– Мама, а папа хороший человек? – вдруг спросил Джон.
Вопрос вырвался у него неожиданно, и он с удивлением заметил, что мать поджала губы, а глаза у нее потемнели.
– Тут и спрашивать нечего, – мягко ответила она. – Ты знаешь кого-нибудь лучше?
– По-моему, папа очень хороший человек, – произнесла Сара. – Он постоянно молится.
– Вы еще слишком малы, – продолжила мать, не обращая внимания на слова дочери, и снова села. А потому не понимаете, как вам повезло, что у вас такой отец. Он заботится о вас и старается, что вы были честными людьми.
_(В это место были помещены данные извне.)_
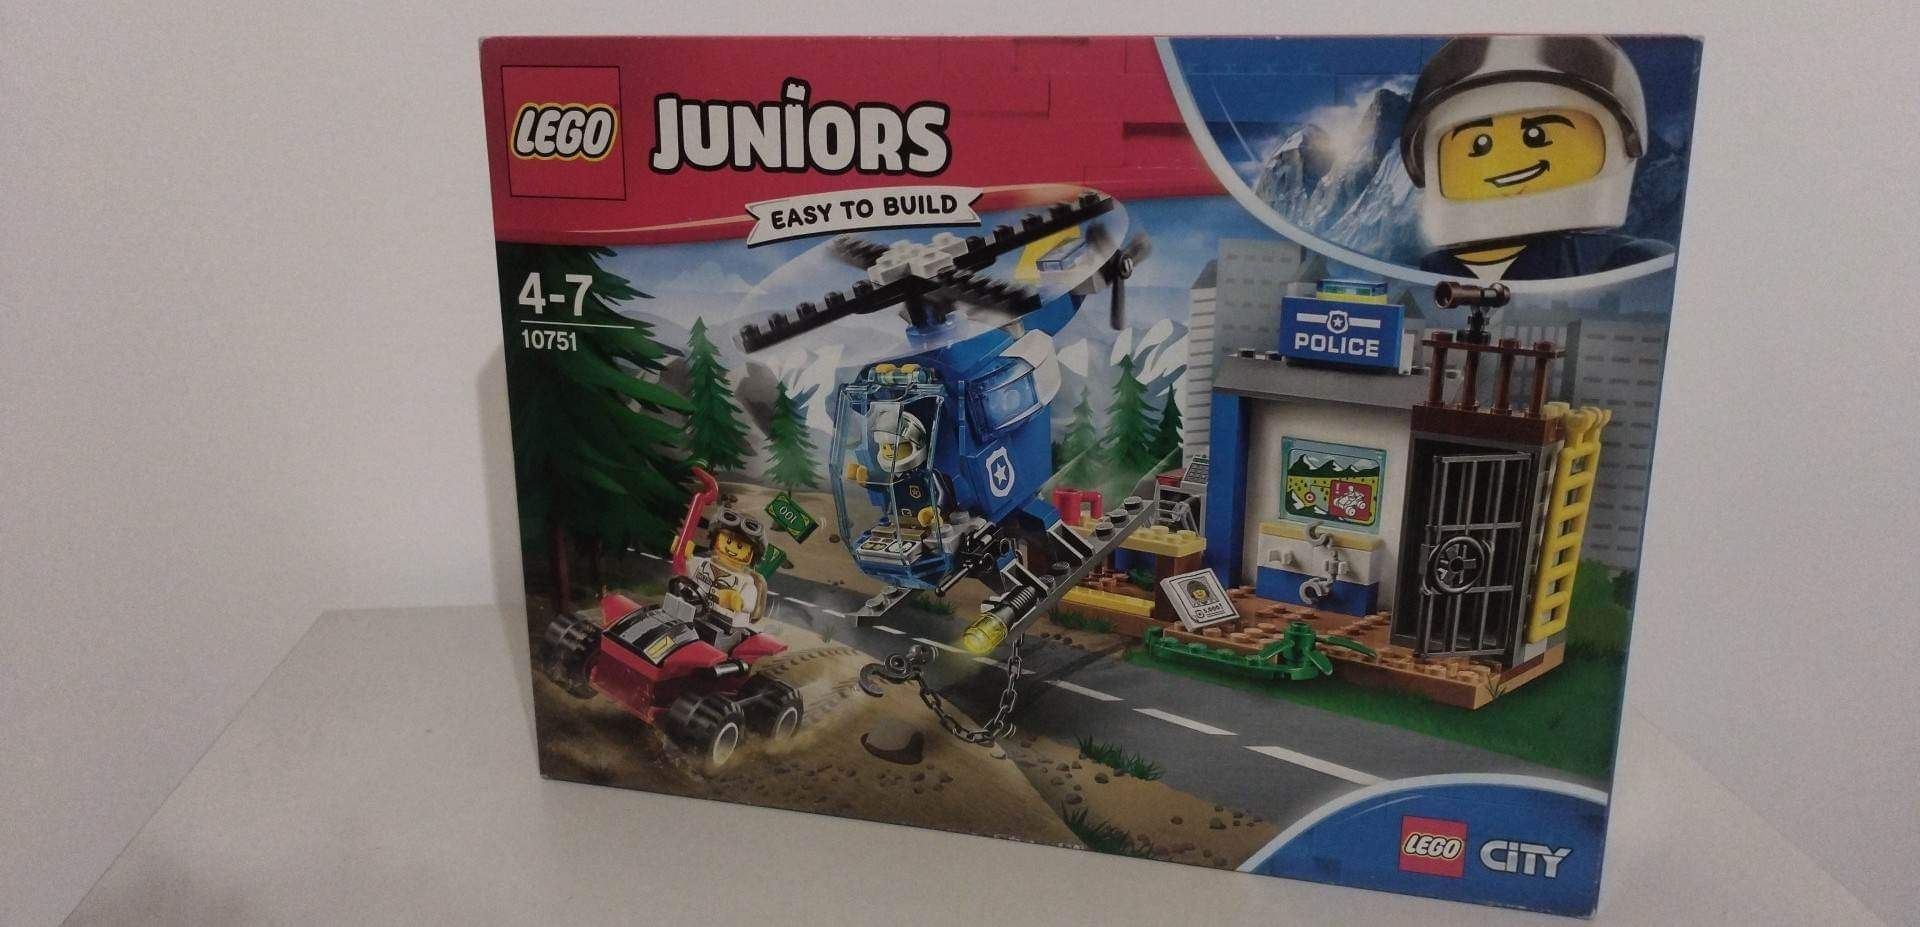 LEGO City Juniors 10751

– Да, мы не понимаем, – кивнул Рой, – что нам повезло, если наш отец не разрешает нам ходить в кино, играть на улице и дружить с другими ребятами. Не разрешает вообще ничего. Нам повезло: ведь отец хочет, чтобы мы только ходили в церковь, читали Библию, прыгали, как дураки, перед алтарем, а дома сидели чистенькие и тихие, как мышки. Да уж, нам повезло. Даже не знаю, за что мне такое счастье!
Мать рассмеялась:
– Когда-нибудь поймешь. Запомни мои слова.
– Ладно.
– Но будет слишком поздно, – продолжала мать. – Будет слишком поздно… когда ты поймешь. – Голос ее дрогнул.
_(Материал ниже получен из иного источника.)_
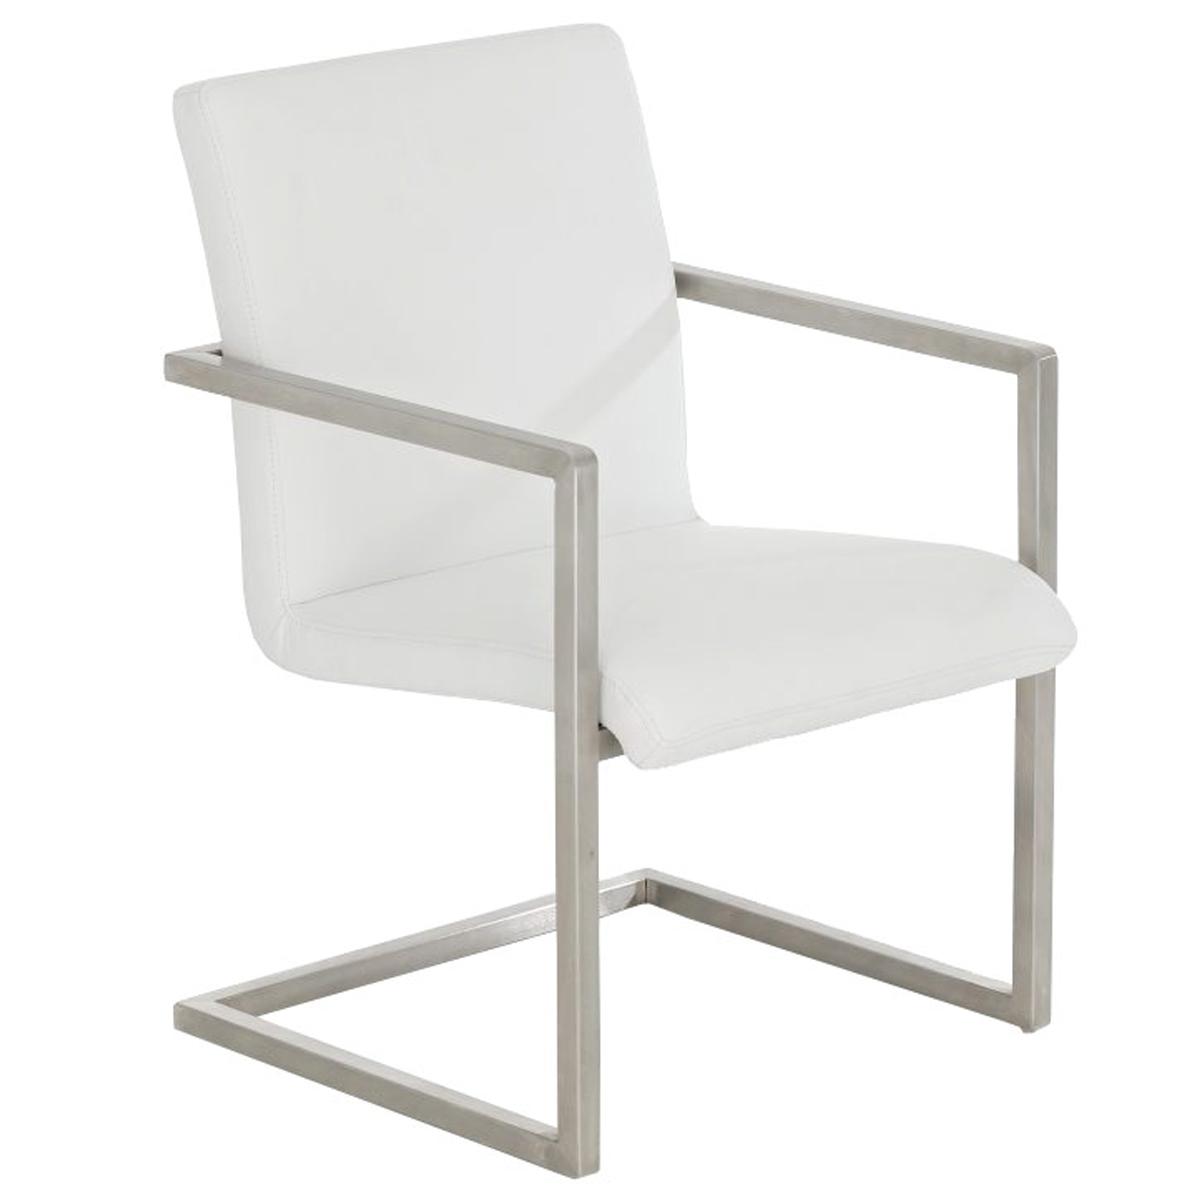 Chaise visiteur OWEN, Structure en Acier Inoxyidable, Design Exclusif, Revêtement en Cuir, Blanc

На мгновение глаза Джона перехватили взгляд матери, и он испугался. Джон понимал, что мать произнесла эти слова не просто так: Бог почему-то иногда говорит устами людей, и на сей раз Он обратился именно к нему, Джону. Ему исполнилось четырнадцать лет – может, уже поздно? Беспокойство усиливалось догадкой – и в этот момент Джону стало ясно: это и раньше приходило ему в голову, – что мать чего-то не договаривает. Интересно, о чем они беседовали с тетей Флоренс? Или с отцом? О чем она действительно думала? По ее лицу определить было нельзя. Но сейчас, когда их глаза встретились, взгляд матери приоткрыл тайну. Ее мысли были горькими.
– А мне наплевать, – заявил Рой, вставая. – Когда у меня появятся дети, я не стану их третировать. – Джон посмотрел на мать, она не спускала глаз с Роя. – Уверен, так нельзя. И полный дом детей нельзя заводить, если не знаешь, что с ними делать.
– Что-то ты сегодня умен не по годам, – усмехнулась мать. – Поостерегись.
– И вот еще объясни мне, – продолжил Рой, неожиданно склонившись над матерью, – почему я не могу говорить с ним так, как с тобой? Ведь он мой отец. Но он никогда не слушает меня, а вот я должен его слушать.
– Твой отец лучше знает. Обещаю, если будешь его слушать, не закончишь свои дни в тюрьме.
Рой яростно закусил губу.
– Не собираюсь я ни в какую тюрьму! Неужели на свете нет ничего иного, кроме тюрем и церквей? Думай, ма, что говоришь!
– Человек только тогда в безопасности, когда смиряется перед Господом, – сказала мать. – Когда-нибудь ты это поймешь. А так живи, как знаешь. Но как бы потом не заплакать.
Неожиданно Рой расплылся в улыбке:
– Но ты ведь не бросишь меня, ма, когда я попаду в беду, правда?
– Никто не знает, сколько ему отпущено лет, – сказала мать, пряча улыбку. – Только Господь.
Рой повернулся, пританцовывая.
– Это хорошо! – весело воскликнул он. – Господь не такой злой, как отец. Правда, братишка? – обратился Рой к Джону и слегка хлопнул брата по лбу.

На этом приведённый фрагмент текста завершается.